I answered, "A little bird that will come out if you touch it."
They all asked why they hadn't seen me for a week. When we reached the top of the stairs they saw me in the light from the windows, and they stood there looking at each other like wooden puppets. Then they burst out laughing and laughed so hard I wondered if they would ever stop. None of them could talk. The first to speak was a little boy who said, "That isn't Daddy."
After those bursts of laughter had subsided a little, the women (there were four of them) asked me what saint I was begging alms for. I told them for Saint Lazarus.
"Why are you begging for him?" they asked. "Isn't Father Anselmo feeling well?"
"Well?" I answered. "He doesn't feel bad at all because a week ago he died."
When they heard that, they burst into tears, and if the laughter had been loud before, their wailing was even louder. Some of them screamed, others pulled their hair, and with all of them carrying on together, their music was as grating as a choir of hoa.r.s.e nuns.
One of them said, "What will I do. Oh, me! Here I am without a husband, without protection, without consolation. Where will I go? Who will help me? What bitter news! What a misfortune!"
Another was lamenting with these words: "Oh, my son-in-law and my lord! How could you leave without saying good-by? Oh, my little grandchildren, now you are orphans, abandoned! Where is your good father?"
The children were carrying the soprano of that unharmonious music. They were all crying and shouting, and there was nothing but weeping and wailing. When the water of that great deluge let up a little they asked me how and what he had died from. I told them about it and about the will he had made, leaving me as his lawful heir and successor. And then it all started. The tears turned into rage, their wails into curses, and their sighs into threats.

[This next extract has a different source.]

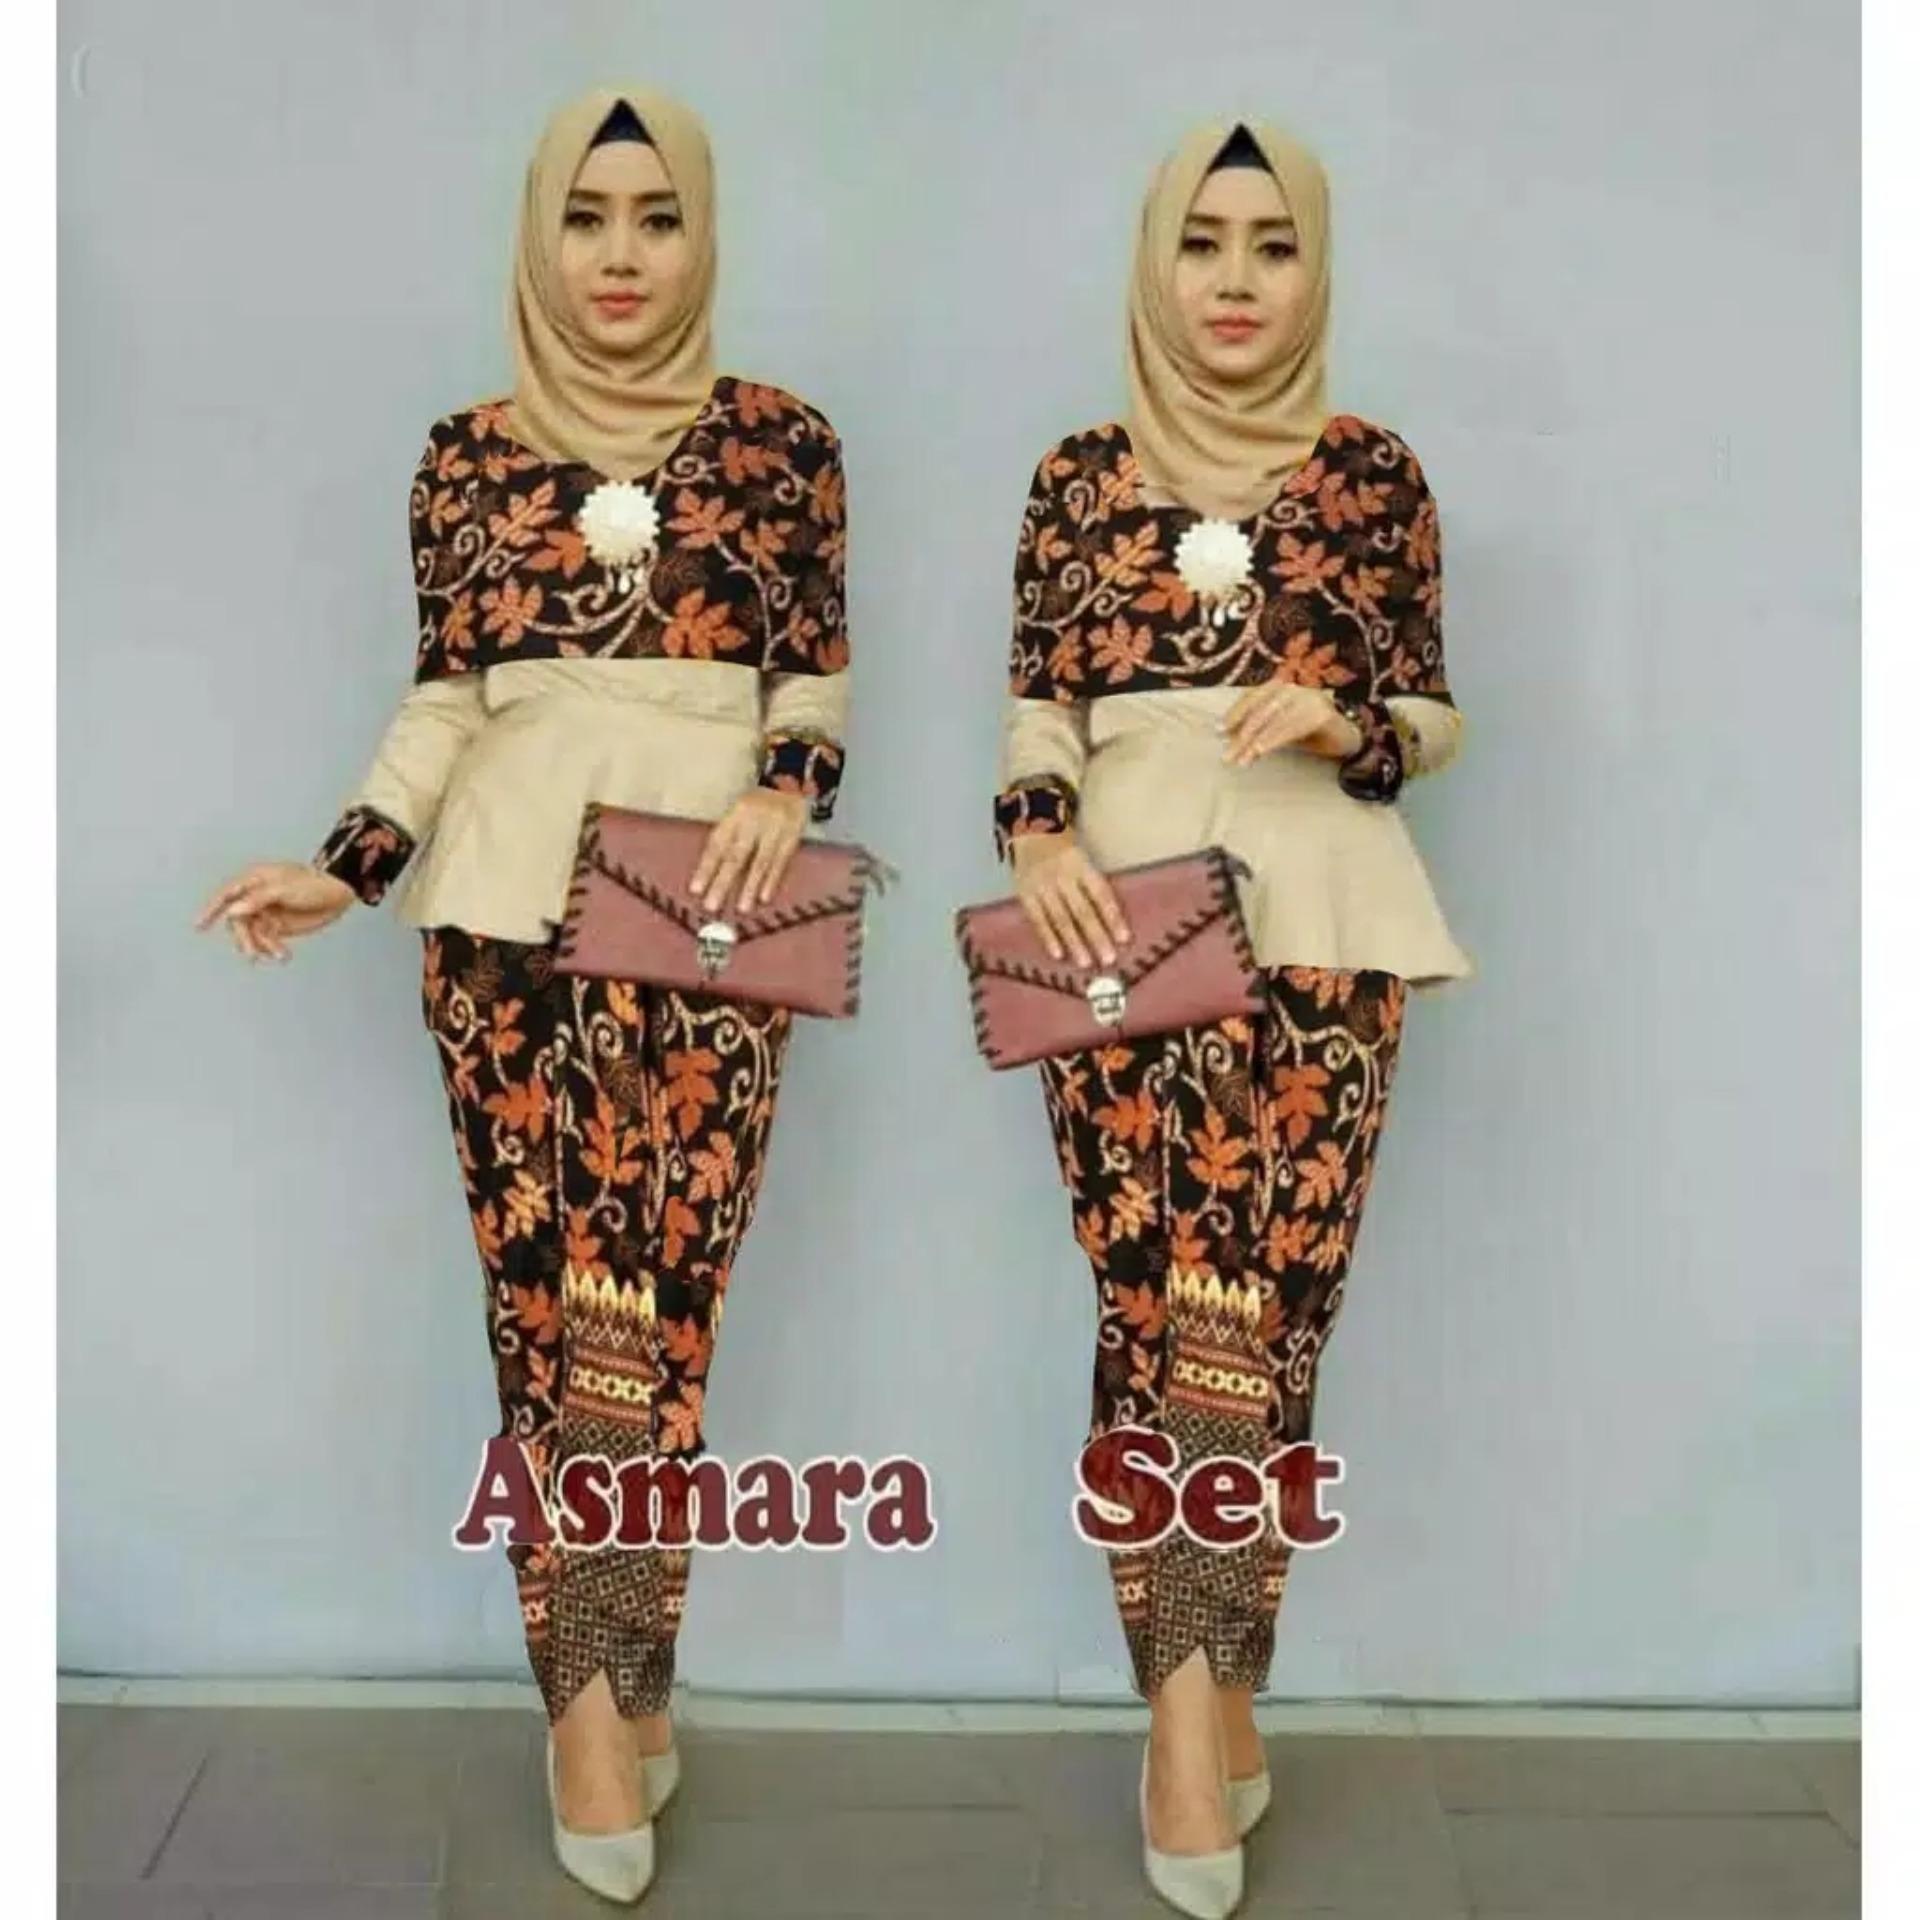 Jakarta Mall - Setelan Baju Tradisional / Baju Batik /  Atasan dan Bawahan / Kebaya Modern / Baju Murah / Batik Wanita / Baju Wanita / Batik / Kutu Baru / Murah; Motif dan Warna Real Photo #Ukuran S, M, L dan XL

"You're a thief, and you killed him to rob him, but you won't get away with it," said the youngest girl. "That hermit was my husband, and these three children are his, and if you don't give us all his property, we'll have you hanged. And if the law doesn't do it there are swords and daggers to kill you a thousand times if you had a thousand lives."
I told them there were reliable witnesses there when he'd made his will.
"That's a pack of lies," they said. "Because the day you say he died, he was here, and he told us he didn't have any company."
When I realized that he hadn't given his will to a notary, and that those women were threatening me, along with the experience I'd had with the law and with lawsuits, I decided to be courteous to them. I wanted to try to get hold of what I would lose if it came into the hands of the law. Besides, the new widow's tears had touched my heart. So I told them to calm down, they wouldn't lose anything with me; that if I had accepted the inheritance, it was only because I didn't know the dead man was married--in fact, I had never heard of hermits being married.